In other news this evening: I still haven't been contacted about getting my chest port installed. I've followed up and expect to hear something early next week. Will advise.

Finally, I want to discuss the old roller coaster. It still exists. The climb and the fall are more reminiscent of a kiddie ride, but the ups and downs still concern me.

Even without the extremes of the past, I find myself wanting to go down when I'm actually going up, and up when I'm going down.

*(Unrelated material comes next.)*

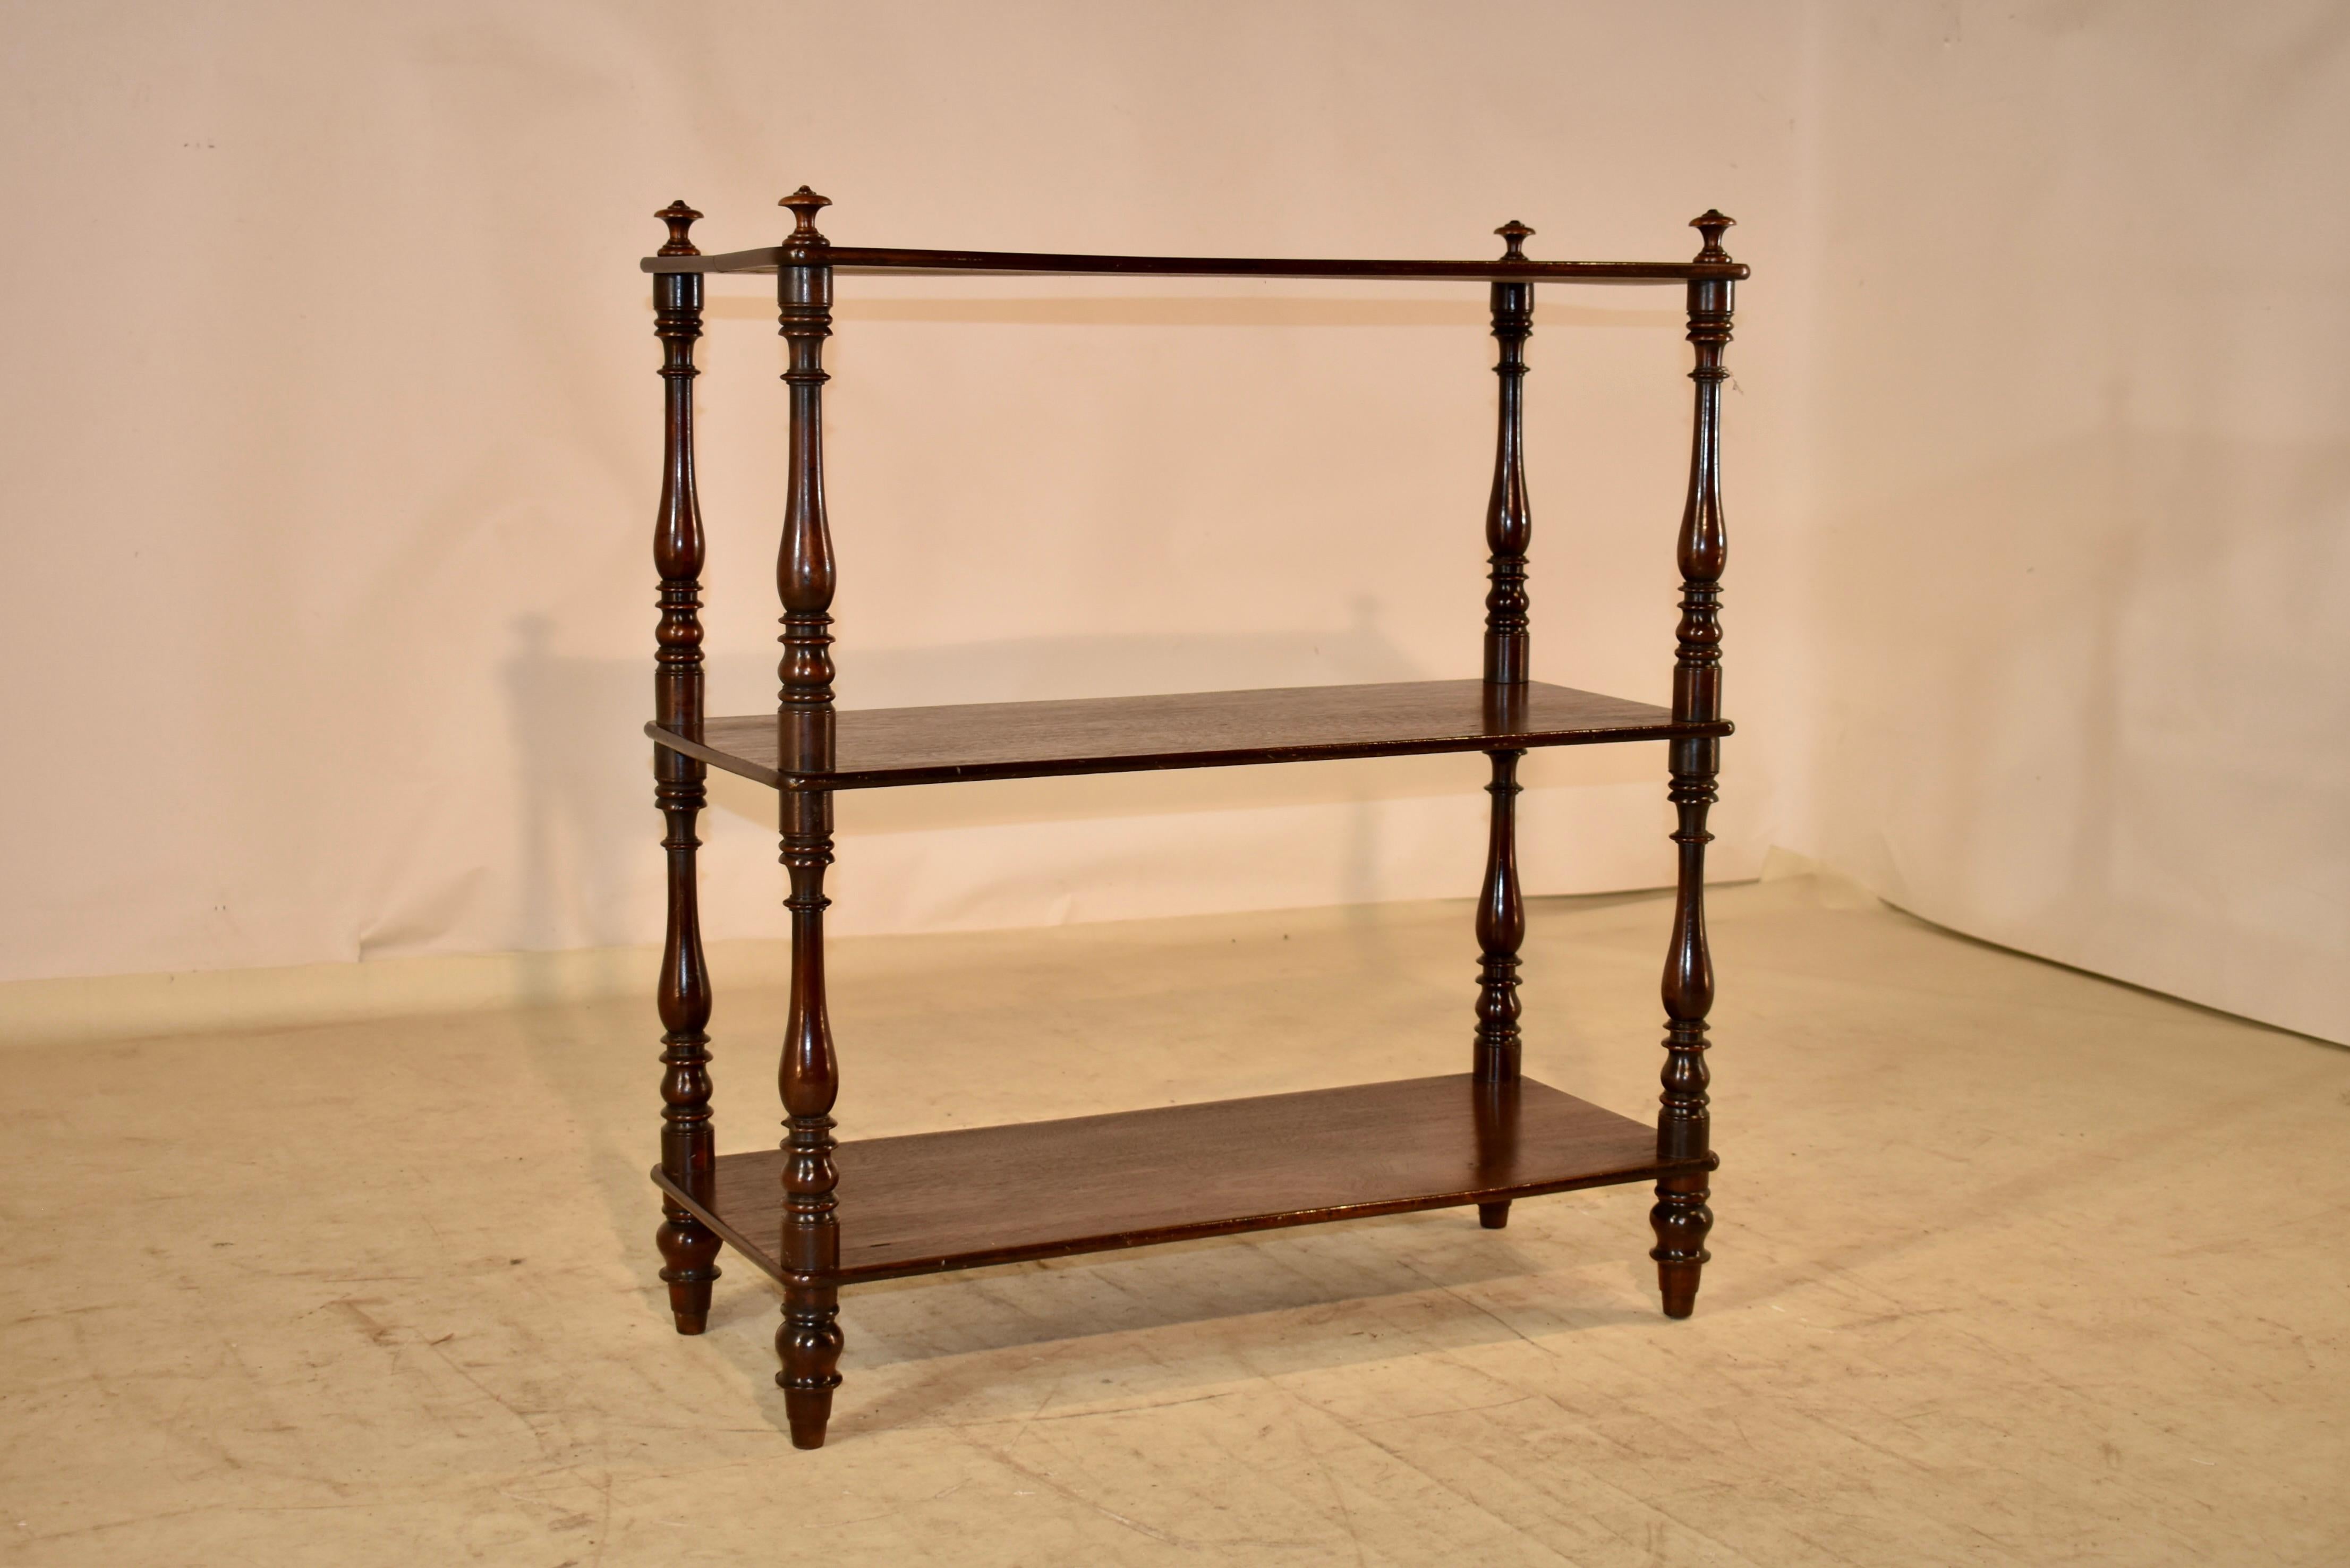 19th century mahogany shelf from England. There are finials on the top of the shelf, over three shelves, all separated by hand turned shelf supports. The feet are hand turned as well and the shelf has an overall rich feel.
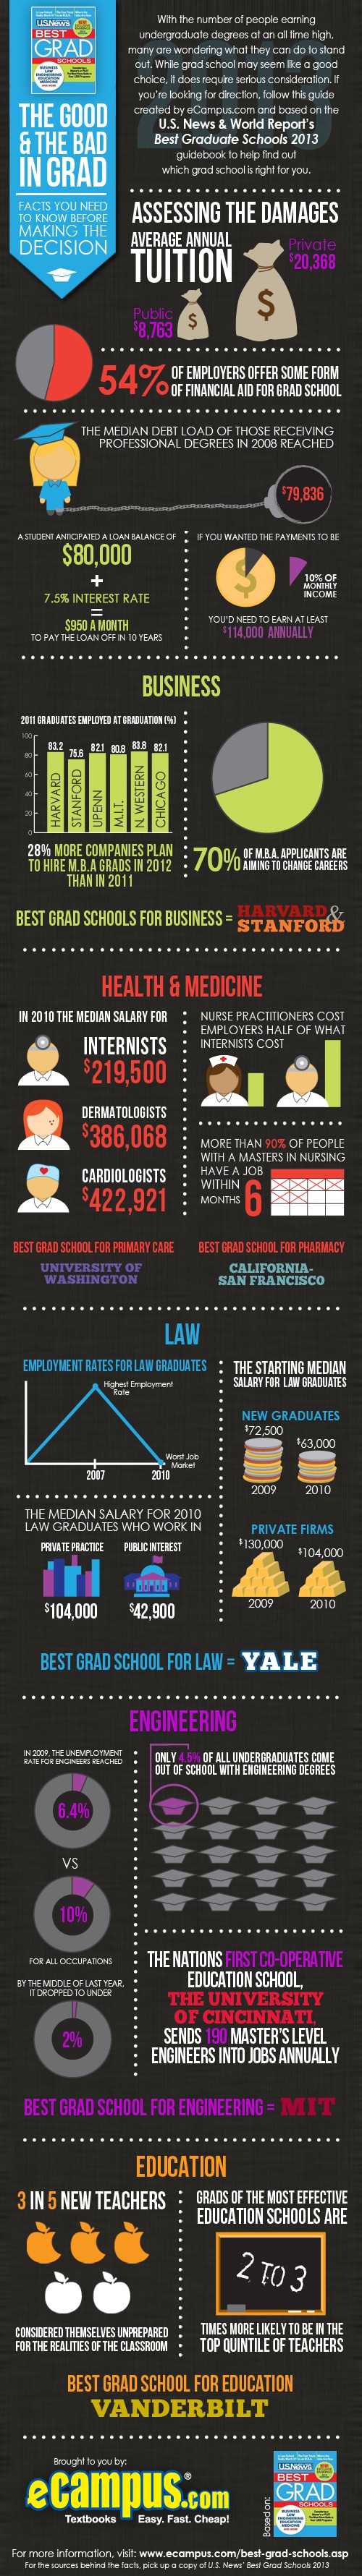 The Good and the Bad in Grad (Infographic)

Dexamethasone (Dex) does things FOR me. I like lots of the effects. On the other hand, Dex does things TO me. I don't like those effects. Being off Dex is the literal inverse of being on Dex. The FOR becomes TO and the TO becomes FOR. And so, I constantly find myself wanting to find a space between where UP starts and DOWN ends.

My current chemo schedule allows me to manage my life a bit better. I take Dex on Friday, Saturday, Sunday, and Monday. I'm off Dex on Tuesday, Wednesday and Thursday.

Tuesday and Friday are my good days. One starts the downhill and the other starts the uphill. I feel like crap on Wednesday. Thursday is just sorta slow. Friday is terrific during the day, but by evening I'm so wired I usually stay up and awake until sometime Saturday (maybe Saturday night). Yeah, I've been doing 40 hour days almost every weekend for a while. (Like tonight.)

Sunday? I'm tired but flying. I get stuff done on Sundays. Mondays are a riot.

Don't get me wrong. These effects aren't nearly what they were 6-9 months ago when I was megadosing. But they still exist. They still change me. They still make me crazy. They still burden Ed.

Anyway, enough whining. Good night to you. I'm gonna go downstairs and work on a project.

1 comment:

Anonymous said...

I don't know what to say, I'm just glad you are still able to manage. I know it is cliche but, keep on keepin' on. See, I told you I didn't know what to say.